Tuesday 22 January 2019

New onshore wind installations at lowest level since 2011

New onshore wind installations at lowest level since 2011

Installations of new onshore wind farms have hit the lowest level in seven years.

That’s according to new analysis by RenewableUK, which found the figure fell by nearly 80% last year since 2011.

A total of 598MW of new onshore wind capacity was installed last year, consisting of 263 turbines at 54 sites – a fall from 2.66GW installed the year before.

The trade body suggests the announcement of Hitachi suspending the development of a new nuclear power station at Wylfa in north Wales adds to the gap in clean energy needed to meet the UK’s carbon targets.
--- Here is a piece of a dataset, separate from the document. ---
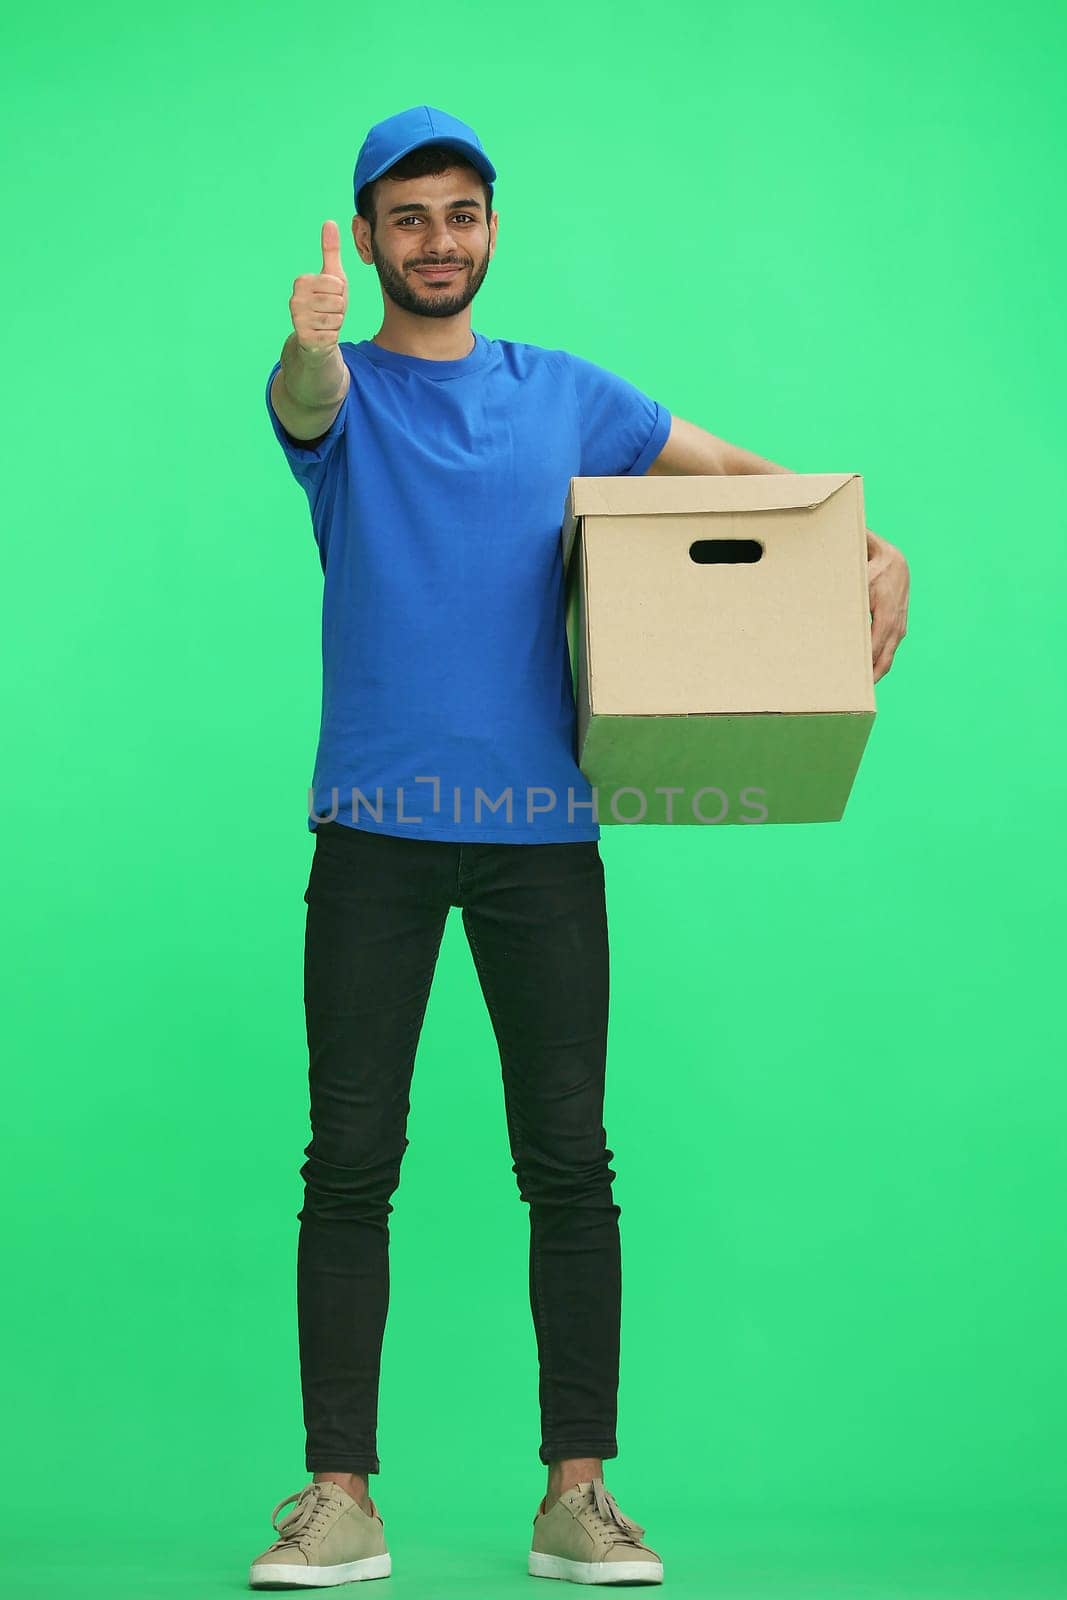 A man on a green background with box. Shows thumbs up sign.

With the closure of ageing nuclear plants and other power stations in the 2020s, the nation faces a shortfall of more than 55TWh by 2030, the analysis adds.

It reveals there are currently 4,466MW of shovel-ready onshore wind projects that have gone through the local planning process, which could produce more than 12TWh a year – equivalent to two-thirds of Wylfa’s output.
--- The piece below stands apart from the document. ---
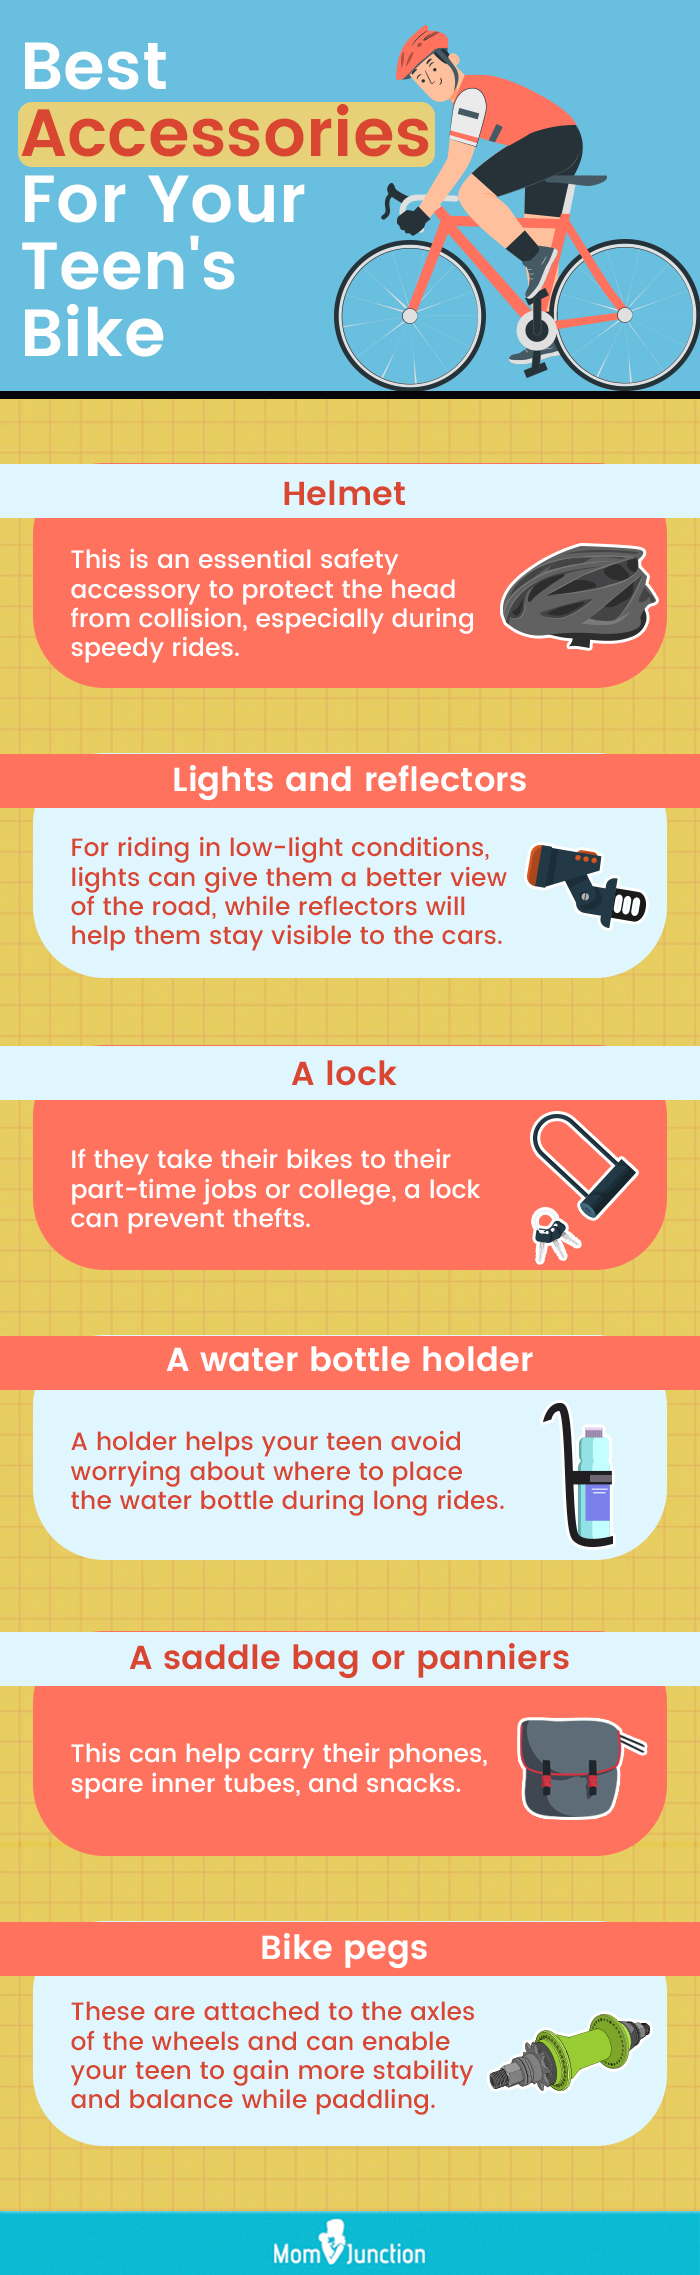 Best Accessories For Your Teen's Bike (infographic)

It also cites independent figures which show the government could procure new capacity for £46/MWh, which is cheaper than gas, new nuclear as well as other renewables.

RenewableUK believes the fall in installations is "largely the result" of changes to government policy to block onshore wind from competing in schemes that support renewable energy deployment.

The Renewables Obligation scheme officially closed to new onshore wind projects in 2017 and they were also barred from the Contracts for Difference (CfD) scheme, which uses competitive price auctions to procure new renewable capacity at the lowest cost.

Emma Pinchbeck, RenewableUK’s Executive Director said: “Onshore wind is now the cheapest source of new power for UK billpayers and it is supported by more than three-quarters of the British public. We have ready-to-go onshore wind that can help close the gap between the low carbon power we need and the amount government policy is actually delivering.

“The Secretary of State has rightly recognised that renewables can now be delivered with little or no subsidies and that they have earned their place at the heart of a modern energy system. But government has stacked the odds against onshore wind being built at the scale needed to meet our carbon budgets and excluded these projects from competing for government-backed power contracts.”